Очень морозно, ночью было 15° мороза, почти без снега. Девочки – Саша и Наташа Оболенская и их маленькие ученицы – расчищали каток, катались на коньках. Тут же были два молодых врача: наш Никитин и приезжий Аршеневский. Яркое солнце, голубое небо… Не хотелось ни кататься, ни что-либо делать, всё мучаюсь болезнью Льва Николаевича.

Шла домой вверх по прешпекту, и вдруг ясно представилось мне далекое прошлое, когда по этой же самой аллее, возвращаясь с катка, на одной руке на гору несла ребенка, отворачивая его от ветра и прикрывая ротик, другой везла салазки с другим ребенком, и впереди и сзади шли веселые, румяные оживленные дети, и как полна была жизнь, и как я их страстно любила… А навстречу нам шел Лев Николаевич, тоже веселый, бодрый, опоздавший на каток, записавшись долго.

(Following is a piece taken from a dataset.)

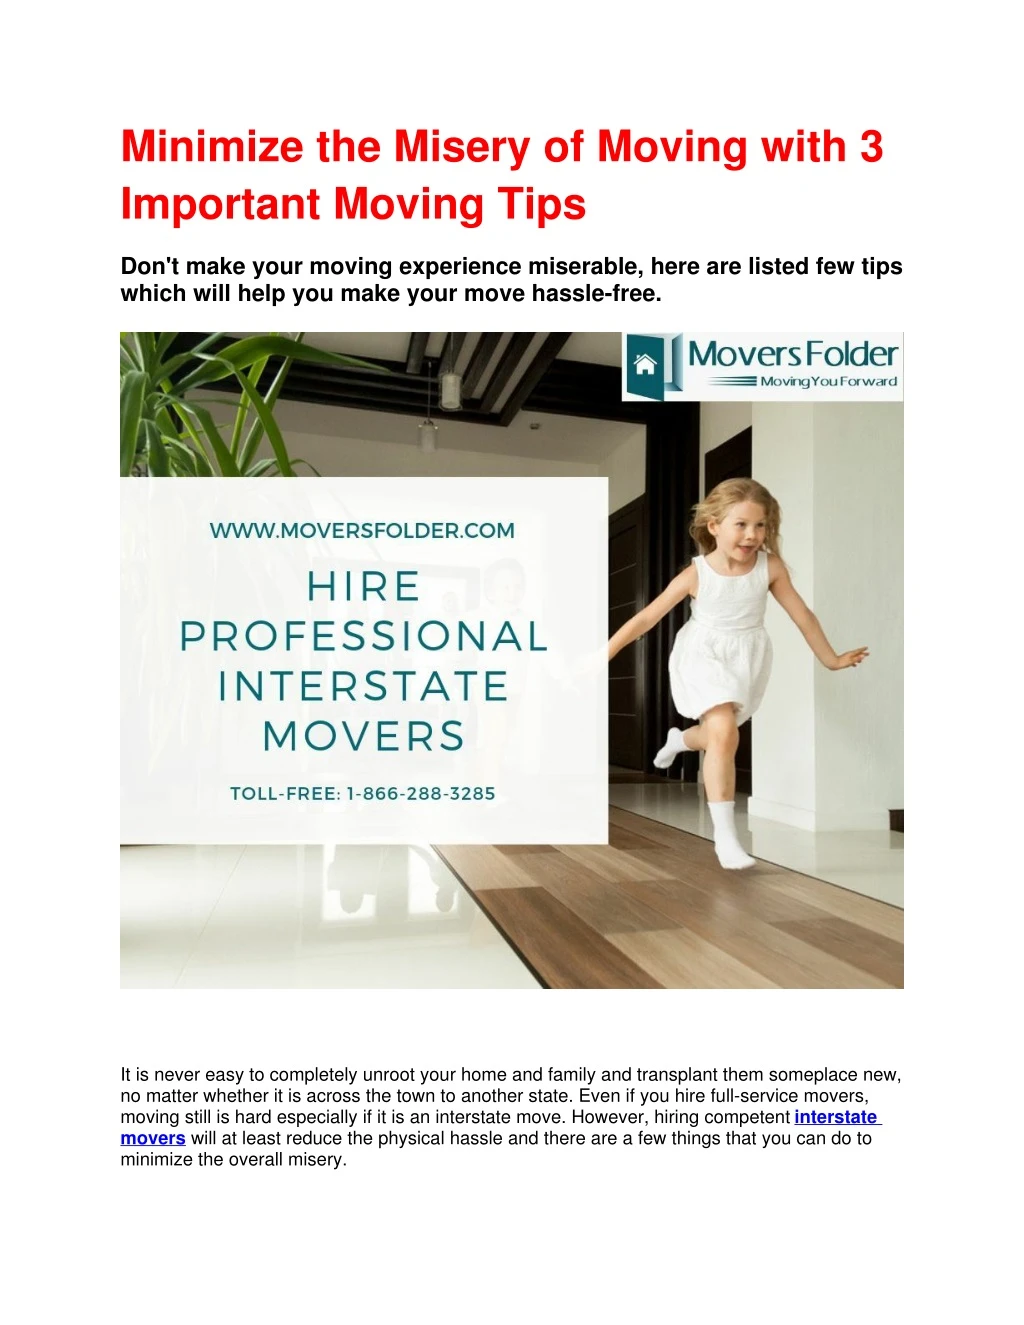 minimize the misery of moving with 3 important

Где теперь эти маленькие, с любовью выхоженные дети? Где этот силач – веселый, бодрый Левочка? Где я, такая, какой я была тогда? Грустно на старом пепелище отжитой счастливой жизни! И если б я чувствовала себя старой, мне было бы легче. Но та же энергия, то же здоровье, та же мучительная впечатлительность, которая глубокими бороздами врезывает в мои воспоминания все периоды пережитой и переживаемой жизни. Только бы получше жить, поменьше накоплять виноватости перед всеми людьми, тем более перед близкими.

8 ноября. Живем изо дня однообразно, тихо. Не жизнь забирает и заставляет быть деятельной, а нужно ее чем-нибудь занимать, заполнять. Прежде ее на непосредственное, нужное дело недоставало. Как всё переменилось! Деревенской жизнью и настроением значительно руководит погода. Вчера светило солнце, и мы все были оживлены, катались на коньках, и я с девочками бодро каталась. Еще с азартом катался Буланже, и его преувеличенный восторг слабого физически, но энергического человека, и его спина – всё это возбуждало во мне какую-то брезгливость. Я вообще не люблю мужчин, они все мне всегда были физически чужды и противны, и долго надо мне любить в человеке его душу и талант, чтоб он стал мне дорог и чтоб я всячески полюбила его. Таких во всей моей пятидесятивосьмилетней жизни было три, из коих, конечно, главным был мой муж.

Но и он!.. Сегодня по поводу романа Маргерита зашла речь о разводе. Лев Николаевич говорит, «зачем французам развод, они и так не стесняются в брачной жизни». Я говорю, что развод иногда необходим, и привожу пример Л.А.Голицыной, которую муж бросил для танцовщицы через три недели после свадьбы и с цинизмом сказал ей, что женился, чтоб ее иметь как любовницу, так как иначе он не мог бы ее получить.

Лев Николаевич на это сказал, что, стало быть, брак есть церковная печать на прелюбодеяние. Я возразила, что только у дурных людей. Он неприятно начал спорить, что у всех. А что же настоящее? На это Л. Н. сказал: «Как взял женщину в первый раз и сошелся с ней – то и брак».

И мне так вдруг тяжело уяснился и наш брак с точки зрения Льва Николаевича! Это голое, ничем не скрашенное, ни к чему не обязывающее половое соединение мужчины и женщины – это Л. Н. называет браком, и для него безразлично, помимо этого общения, кто та, с которой он сошелся. И когда Лев Николаевич начал говорить, что брак должен быть один, с первой женщиной, с которой пал, мне стало досадно.

Идет снег, кажется, установится путь. Просматривала корректуру «Казаков». Как хорошо написана эта повесть, какое уменье, какой талант! Насколько гениальный человек лучше в своих творениях, чем в жизни!

Теперь Лев Николаевич пишет статью «К духовенству». Я еще ее не читала, но сегодня он ее кончил и посылает в Англию Черткову. Сейчас он играет в винт с докторами и Оболенскими: Машей и Колей.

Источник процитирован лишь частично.